### The problem:
Taking the line with "Balluminaria Hot Air" as the first and the line with "Comerica_Bank_logo.png" as the last, set down the lines below exactly, pictures excluded.

### Entries shown:
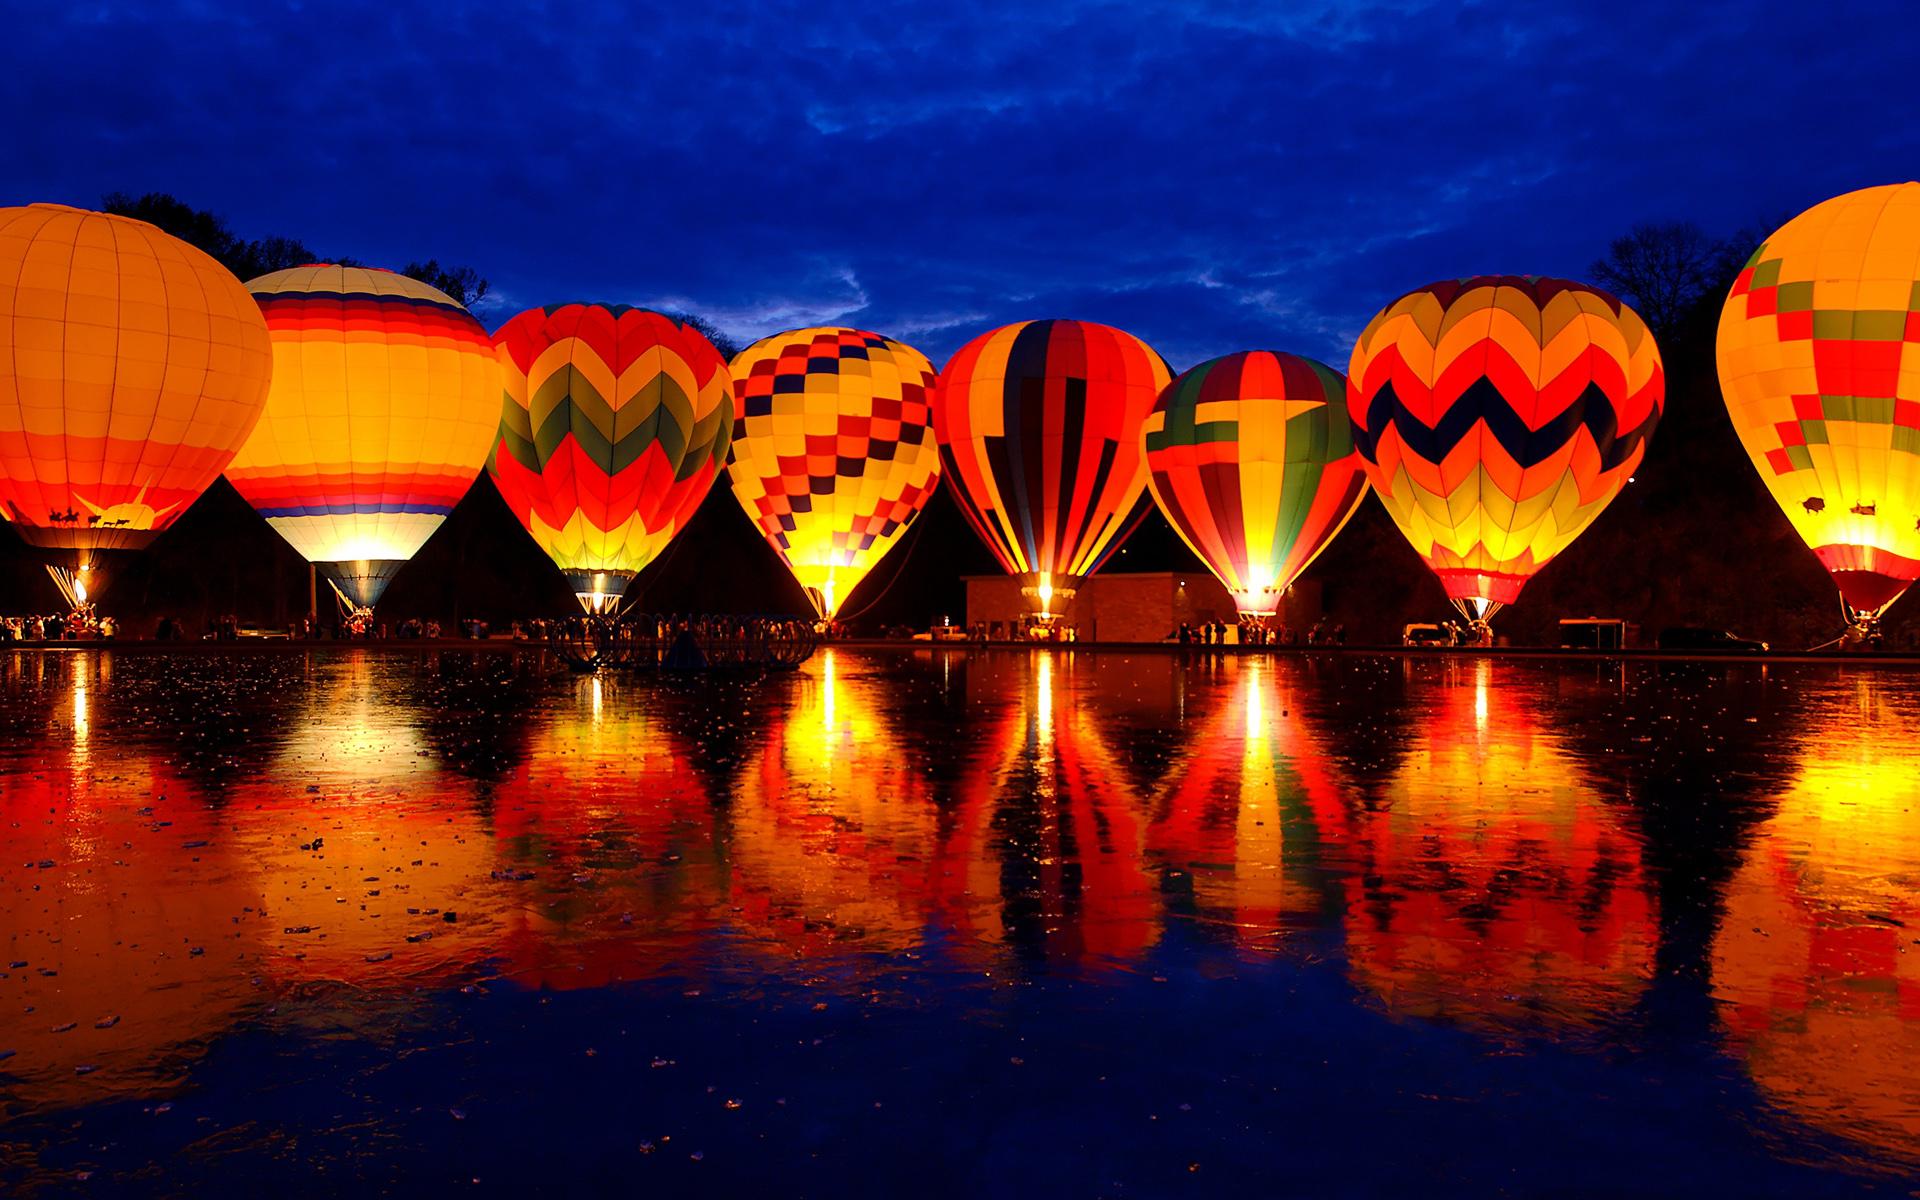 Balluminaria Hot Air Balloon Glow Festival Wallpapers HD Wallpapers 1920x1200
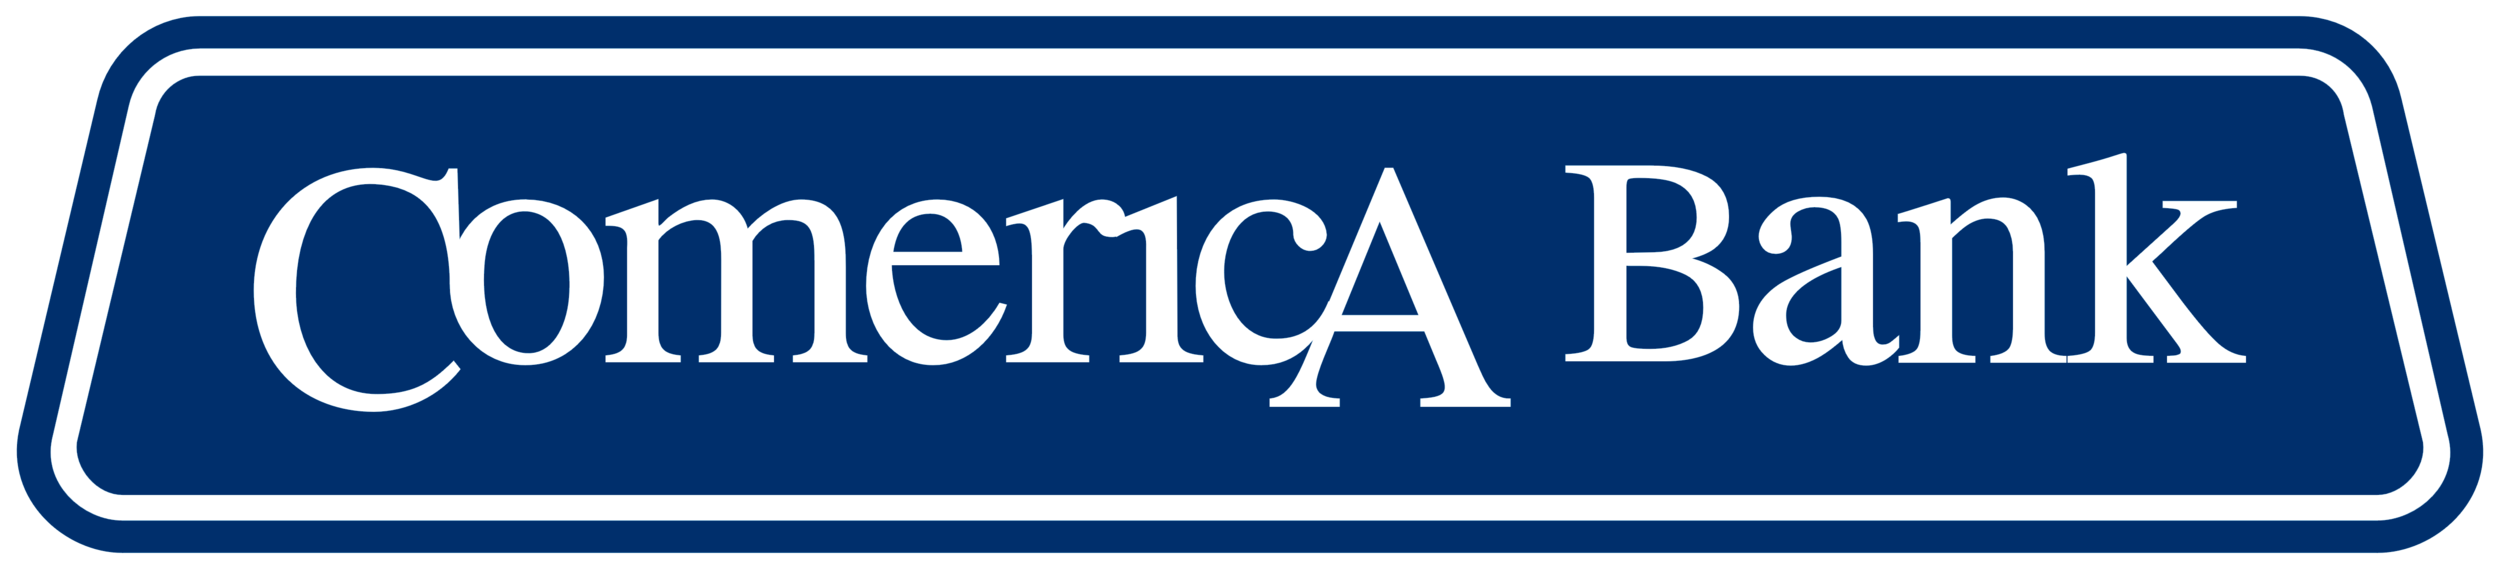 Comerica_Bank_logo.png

...

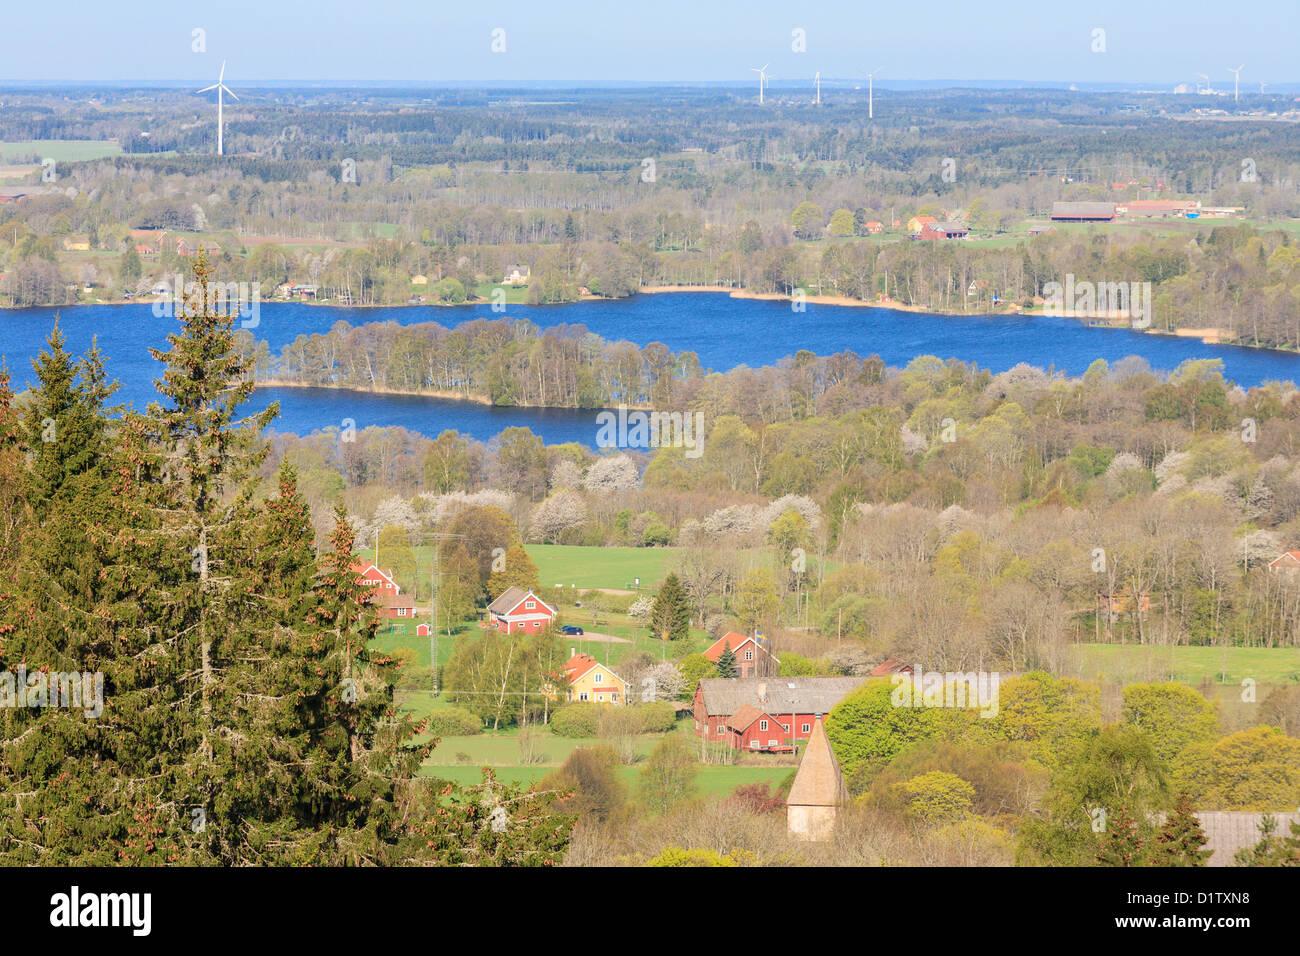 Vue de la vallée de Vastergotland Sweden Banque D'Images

==

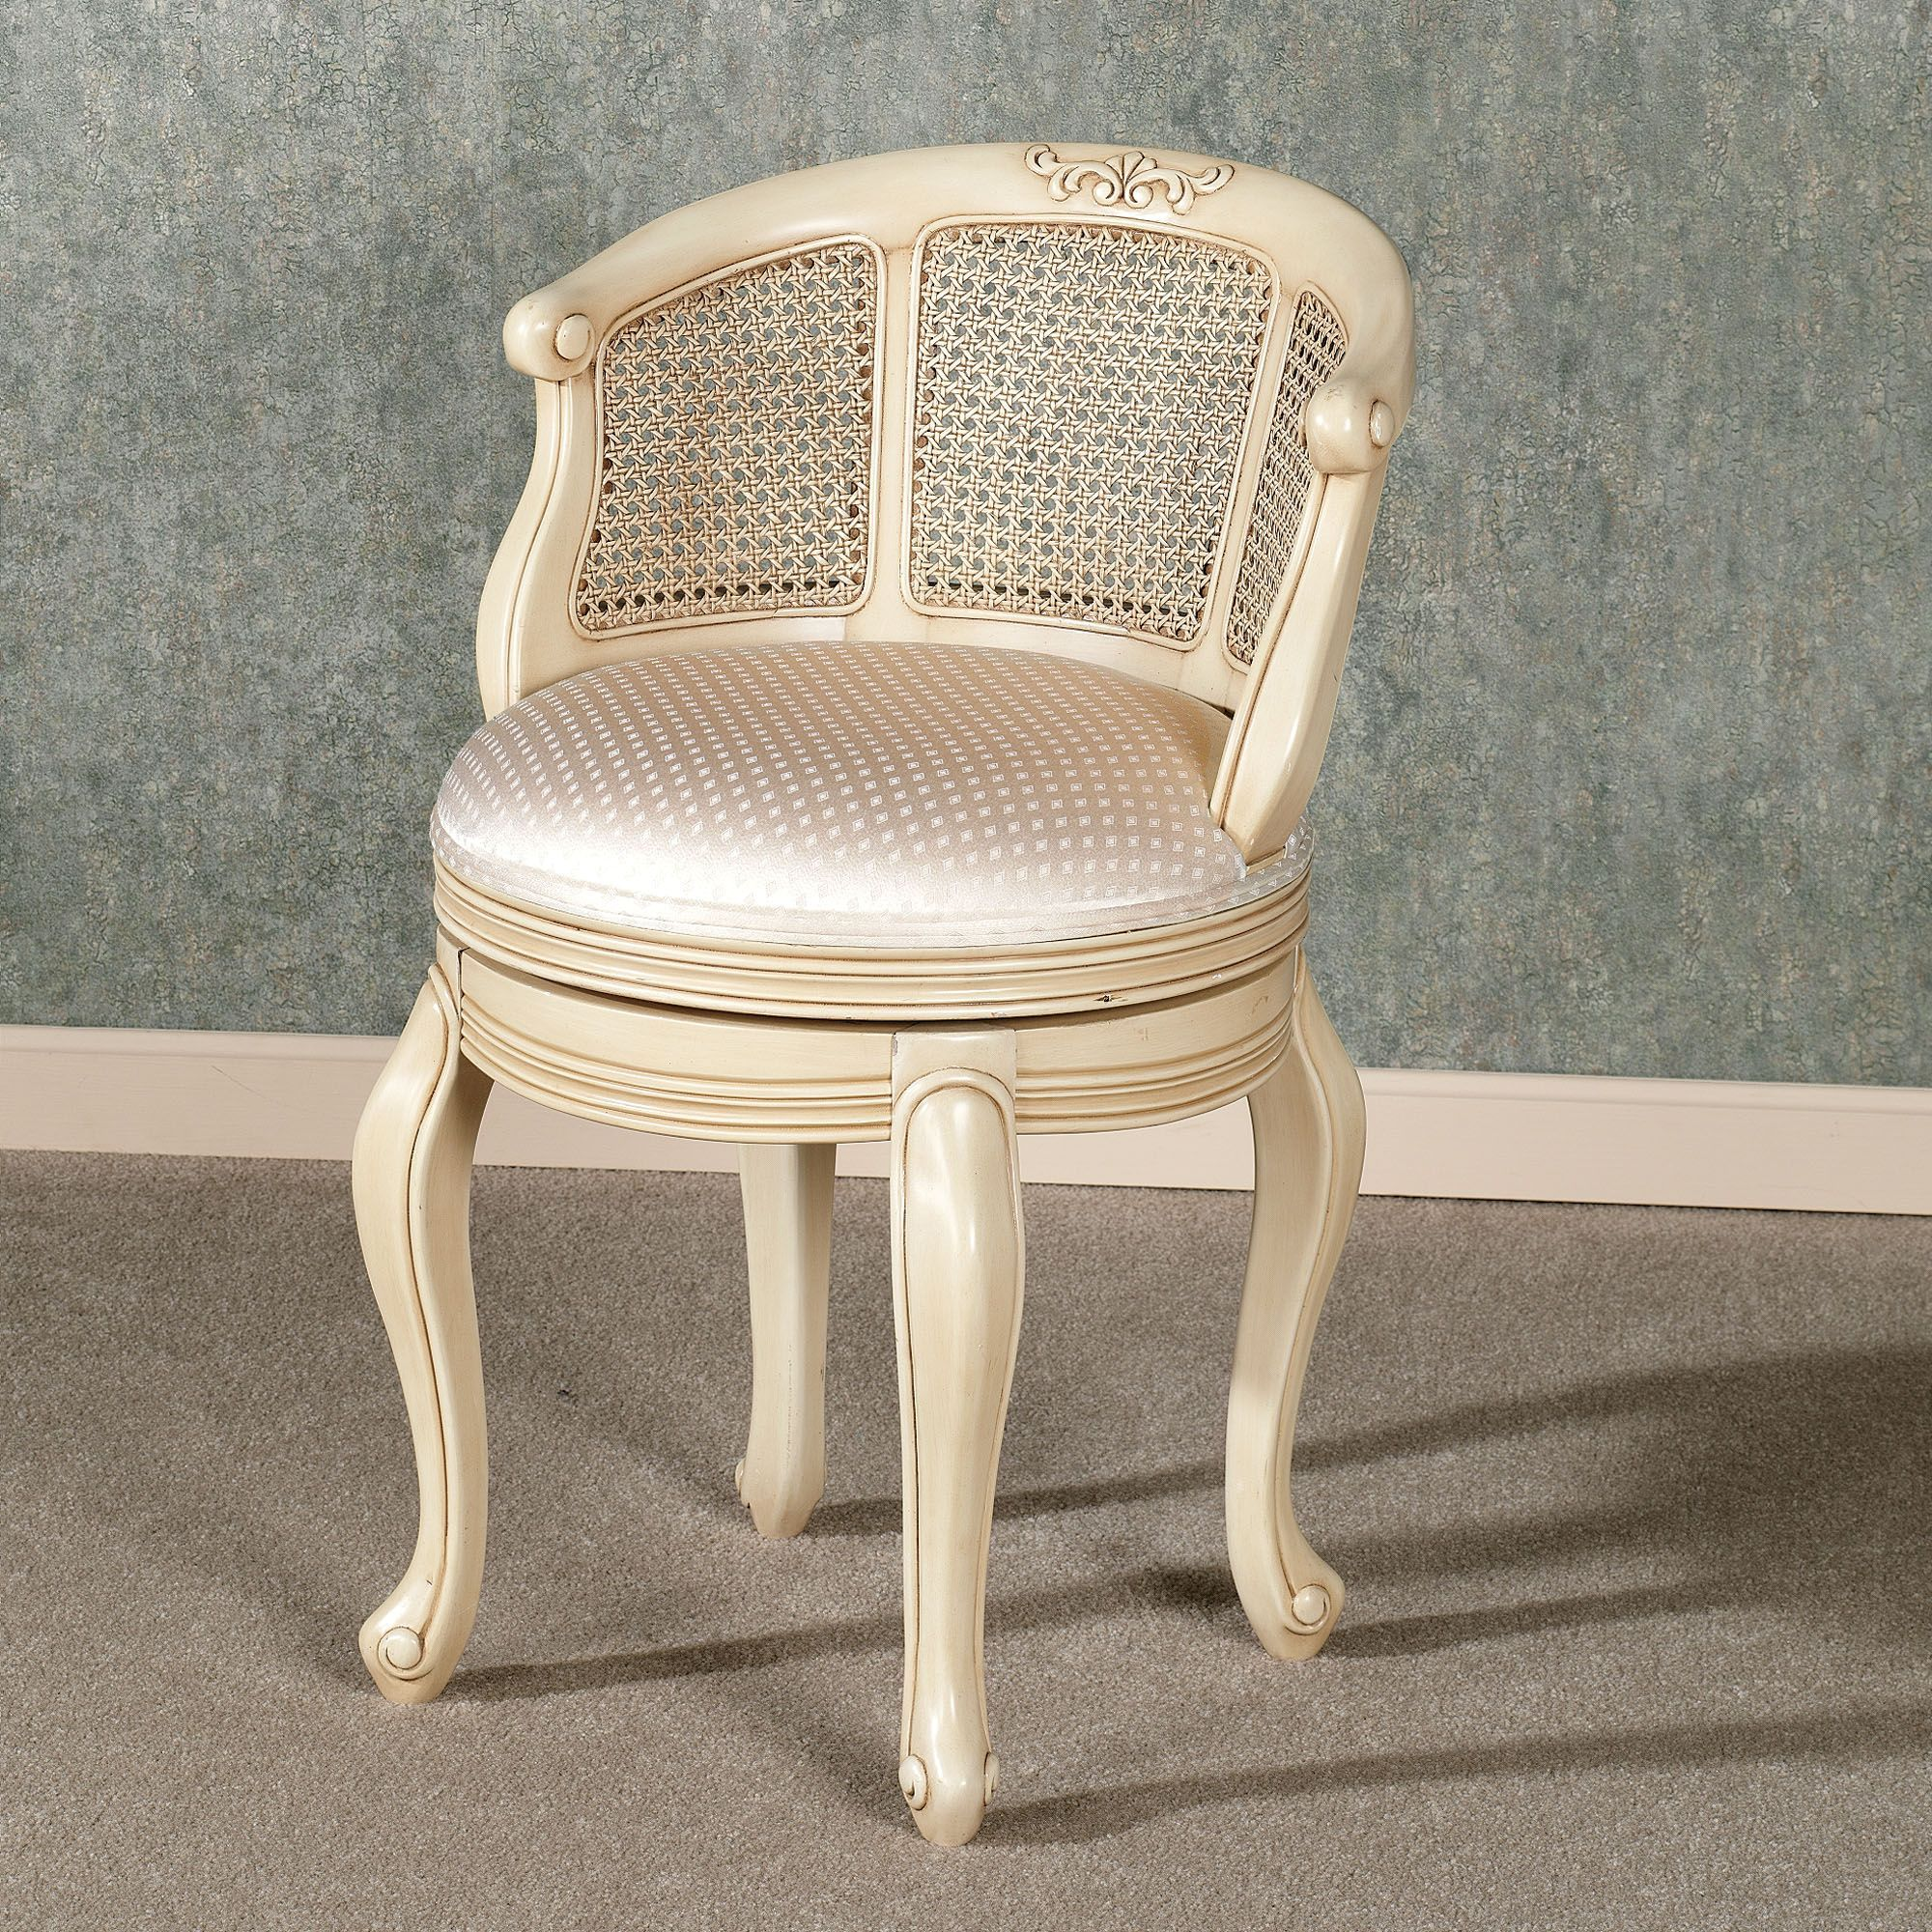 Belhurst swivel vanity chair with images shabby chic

### Completed task:
 Balluminaria Hot Air Balloon Glow Festival Wallpapers HD Wallpapers 1920x1200
 Comerica_Bank_logo.png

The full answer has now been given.